Nasza Loteria SR - pasek na kartach artykułów

Spoofing, czyli podszywanie się pod kogoś innego – uważaj na królewicza z bajki albo oszusta z Tindera!

Anna Bartosiewicz
Anna Bartosiewicz
дарья/ Pexels.com
„Oszust z Tindera”, o którym ostatnio zrobiło się głośno za sprawą filmu dokumentalnego o tym samym tytule, wmawiał swoim ofiarom, że potrzebuje pilnie pożyczyć pieniądze. Jednak najsprytniejsi przestępcy potrafią zyskać dostęp do konta upatrzonej przez siebie osoby bez wychodzenia z własnego domu. Przypominamy, na czym polegają różne formy spoofingu oraz przytaczamy autentyczną historię, która wydarzyła się przed laty.

Czym jest spoofing?

Spoofing to podszywanie się pod inną osobę, a nawet całą organizację lub produkt. Ten typ oszustwa przeważnie stosują przestępcy, którzy chcą wyłudzić nasze dane wrażliwe, a docelowo – ukraść nasze pieniądze. Jak poinformował nas rzecznik Komendy Głównej Policji, jest to oszustwo, za które grozi kara do 8 lat pozbawienia wolności.

– Wyróżniamy różne rodzaje spoofingu – głównie internetowy i telefoniczny. Ten w wersji internetowej to najczęściej wysyłanie maili na nasze skrzynki. Przestępcy podszywają się wówczas pod firmy, instytucje lub np. agencje pośrednictwa pracy. Oszuści wciągają nas w swój proceder i wyłudzają dane wrażliwe, takie jak loginy i hasła do bankowości elektronicznej, numery kart kredytowych lub bankomatowych czy też numer PESEL. Dzięki temu mogą dostać się na nasze konta bankowe lub zaciągać kredyty – można przeczytać na stronie policja.pl.

Spoofing na portalach randkowych – oszustwo matrymonialne

Spoofing często jest związany z działalnością przestępczą na odległość, ale niektórzy oszuści znają dużo bardziej wyrafinowane triki. Zbliżają się do swojej ofiary w realnym życiu, aby zyskać jej zaufanie i nawiązać z nią więź. Tworzą relację, a nawet wchodzą w intymny związek, ale tak naprawdę zamierzają zmanipulować „drugą połowę” w przyszłości.

Rokrocznie mieszkanki Polski padają ofiarą tzw. oszustw matrymonialnych.

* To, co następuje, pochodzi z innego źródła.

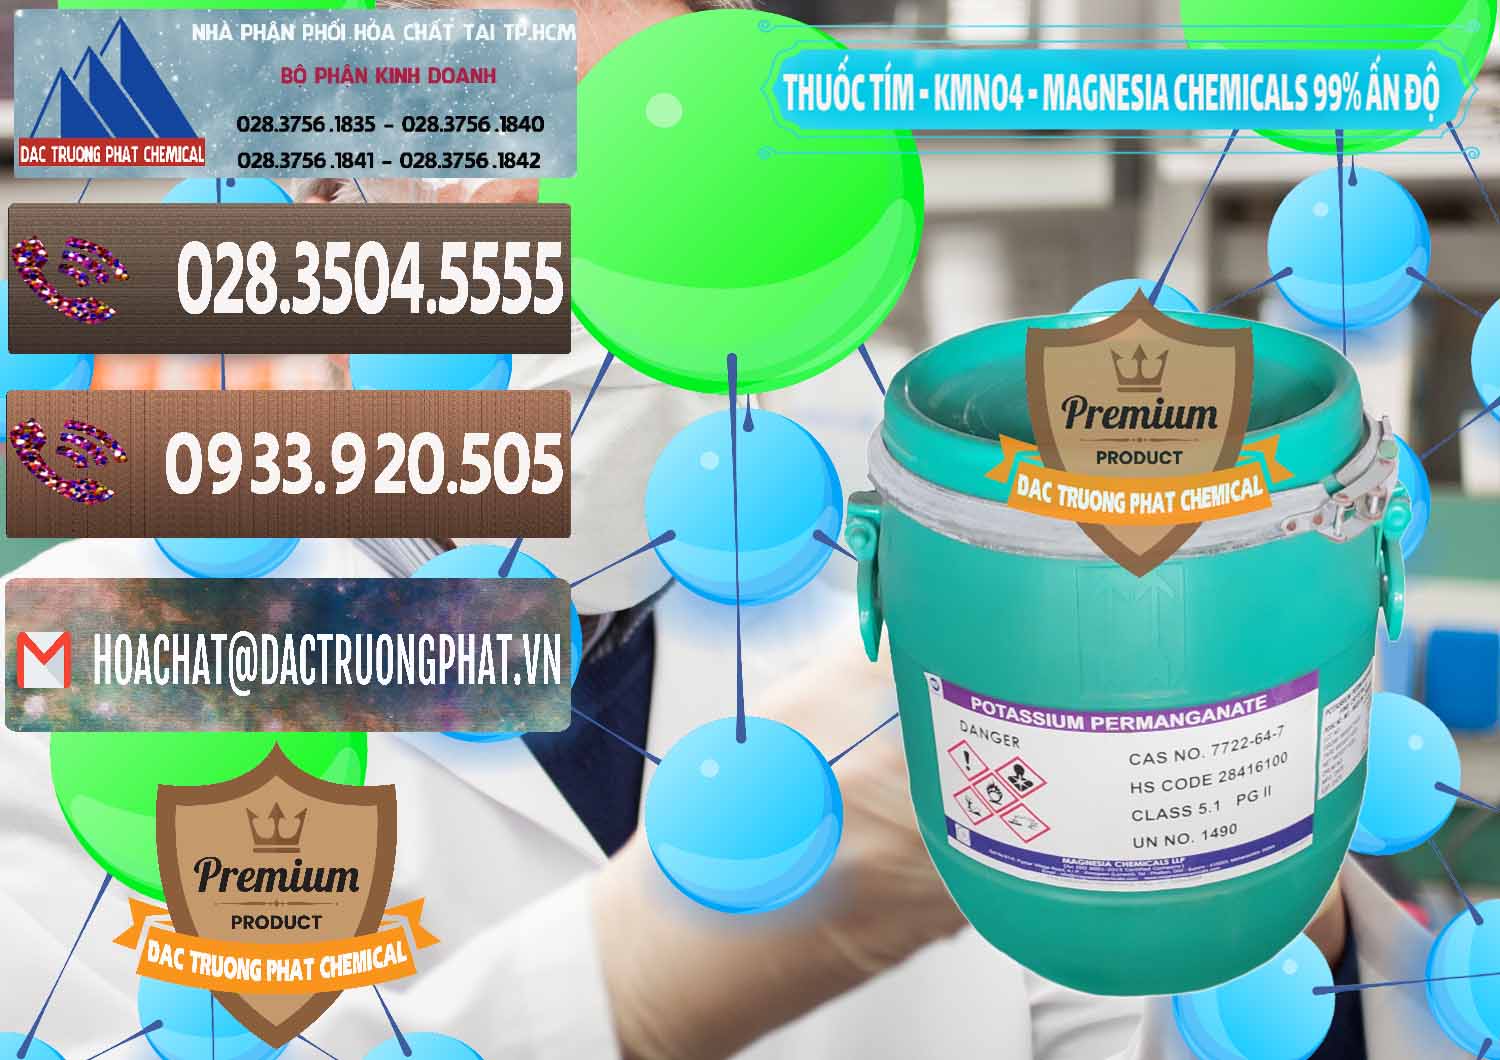 Nơi chuyên bán _ cung cấp Thuốc Tím - KMNO4 Magnesia Chemicals 99% Ấn Độ India - 0251 - Công ty chuyên bán & cung cấp hóa chất tại TP.HCM - hoachatviet.net

Przeważnie źródłem ich problemów stają się portale randkowe, na których kobiety zamieszczają swoje zdjęcia oraz wiele informacji na swój temat. Na podstawie tych danych przestępca może wybrać cel swoich przyszłych zalotów – bogatą, szukającą miłości singielkę.

Z reguły przestępca tworzy na Tinderze czy Badoo fikcyjną tożsamość. Utrzymuje, że jest wdowcem z dzieckiem (rzadziej rozwodnikiem), lekarzem czy „amerykańskim żołnierzem” stacjonującym w Afganistanie lub innym kraju. Budowanie relacji z ofiarą zazwyczaj trwa minimum kilka miesięcy. W tym czasie padają często miłosne wyznania, a para zaczyna snuć wspólne plany na przyszłość. Niestety, prędzej czy później, pada prośba o przekazanie pieniędzy.

– Nagle pojawiają się jakieś problemy – brakuje mu pieniędzy do zakupu ich wspólnego domu, czy też pojawiły się problemy celne po tym, jak wysłał ukochanej prezent, a kobieta związana emocjonalnie stara się mu pomóc i przekazuje pieniądze. Są to zwykle bardzo duże kwoty – ostrzega Komenda Główna Policji w jednej ze swoich publikacji (...). – Pomimo wielu komunikatów medialnych, które regularnie pojawiają się na policyjnych stronach internetowych oraz opisu sposobu działania sprawców, problem ten wciąż trwa – można przeczytać w tym samym artykule.

Spoofing na Tinderze

O tego typu przestępcach zrobiło się głośno za sprawą produkcji Netflixa pt. „Oszust z Tindera” w reżyserii Felicity Morris. W opartym na faktach dokumencie wystąpiły kobiety, które padły ofiarą Shimona Hayuta. W mediach społecznościowych mężczyzna podszywał się pod Simona Levieva i udawał bogacza. Rozkochiwał w sobie kobiety, roztaczając przed nimi wizję życia w luksusach, aby następnie wyłudzić od nich ich majątek. Posługiwał się nawet fałszywym paszportem. „Na Tinderze znajdziesz wszystko. Jedno przesunięcie palcem może zmienić twoje życie” – można usłyszeć w zwiastunie filmu.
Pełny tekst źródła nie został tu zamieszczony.